What preparation seems to have been made for it in the conformation of the ground, even in the deep underlying geological strata! Vast rocks and ledges are piled for it, or cleft asunder that it may find a way. Sometimes it is a trickling thread of silver down the sides of a seamed and scarred precipice. Then again the stratified rock is like a just-lifted lid, from beneath which the water issues. Or it slips noiselessly out of a deep dimple in the fields. Occasionally it bubbles up in the valley, as if forced up by the surrounding hills. Many springs, no doubt, find an outlet in the beds of the large rivers and lakes, and are unknown to all but the fishes. They probably find them out and make much of them. The trout certainly do. Find a place in the creek where a spring issues, or where it flows into it from a near bank, and you have found a most likely place for trout. They deposit their spawn there in the fall, warm their noses there in winter, and cool themselves there in summer. I have seen the patriarchs of the tribe of an old and much-fished stream, seven or eight enormous fellows, congregated in such a place. The boys found it out, and went with a bag and bagged them all. In another place a trio of large trout, that knew and despised all the arts of the fishermen, took up their abode in a deep, dark hole in the edge of the wood, that had a spring flowing into a shallow part of it. In midsummer they were wont to come out from their safe retreat and bask in the spring, their immense bodies but a few inches under water. A youth, who had many times vainly sounded their dark hiding-place with his hook, happening to come along with his rifle one day, shot the three, one after another, killing them by the concussion of the bullet on the water immediately over them.

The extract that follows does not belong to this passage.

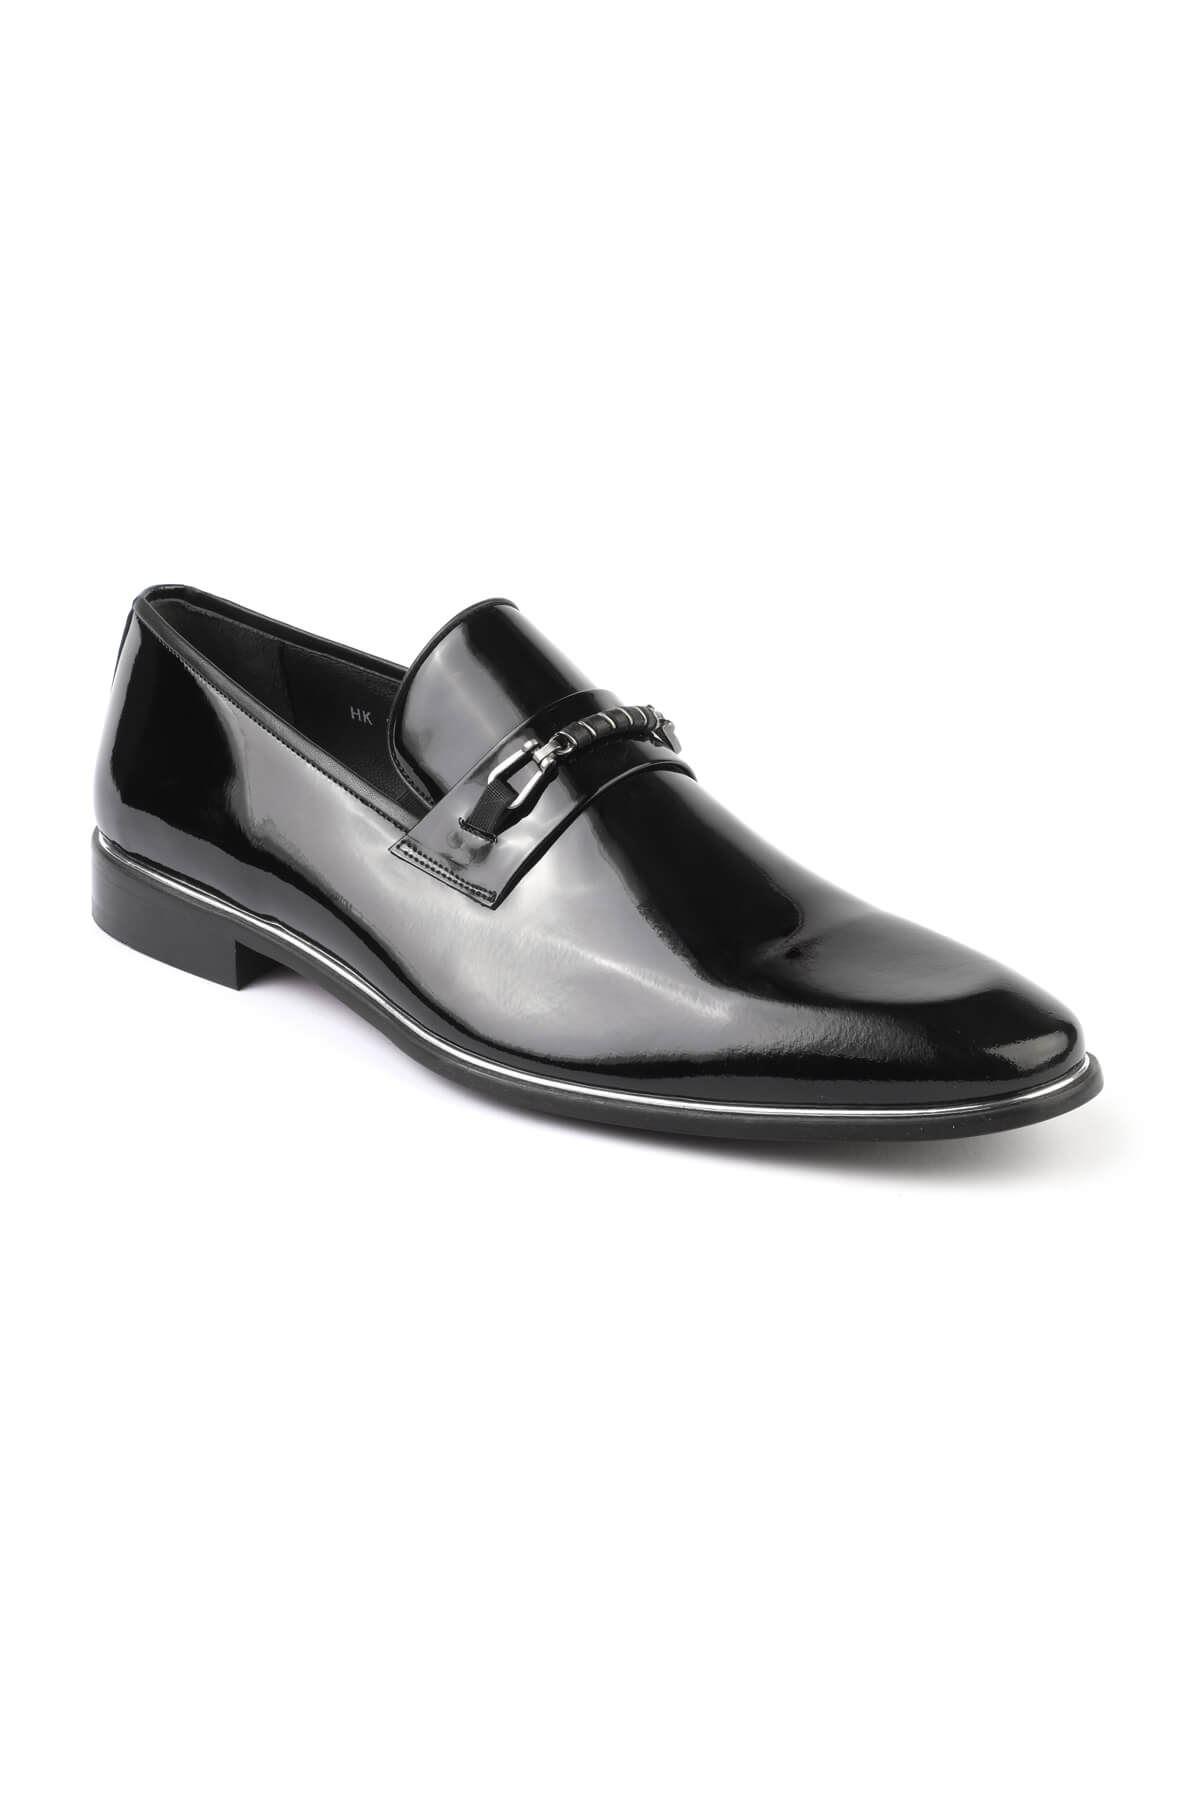 Libero T946 Black Classic Shoes

The ocean itself is known to possess springs, copious ones, in many places the fresh water rising up through the heavier salt as through a rock, and affording supplies to vessels at the surface. Off the coast of Florida many of these submarine springs have been discovered, the outlet, probably, of the streams and rivers that disappear in the "sinks" of that State.

It is a pleasant conception, that of the unscientific folk, that the springs are fed directly by the sea, or that the earth is full of veins or arteries that connect with the great reservoir of waters. But when science turns the conception over and makes the connection in the air,—disclosing the great water-main in the clouds, and that the mighty engine of the hydraulic system of nature is the sun,—the fact becomes even more poetical, does it not? This is one of the many cases where science, instead of curtailing the imagination, makes new and large demands upon it.

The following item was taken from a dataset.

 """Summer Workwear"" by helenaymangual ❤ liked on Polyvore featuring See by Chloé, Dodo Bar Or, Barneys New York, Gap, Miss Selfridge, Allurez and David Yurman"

The hills are great sponges that do not and cannot hold the water that is precipitated upon them, but let it filter through at the bottom. This is the way the sea has robbed the earth of its various salts, its potash, its lime, its magnesia, and many other mineral elements. It is found that the oldest upheavals, those sections of the country that have been longest exposed to the leeching and washing of the rains, are poorest in those substances that go to the making of the osseous framework of man and of the animals. Wheat does not grow well there, and the men born and reared there are apt to have brittle bones. An important part of those men went downstream ages before they were born. The water of such sections is now soft and free from mineral substances, but not more wholesome on that account.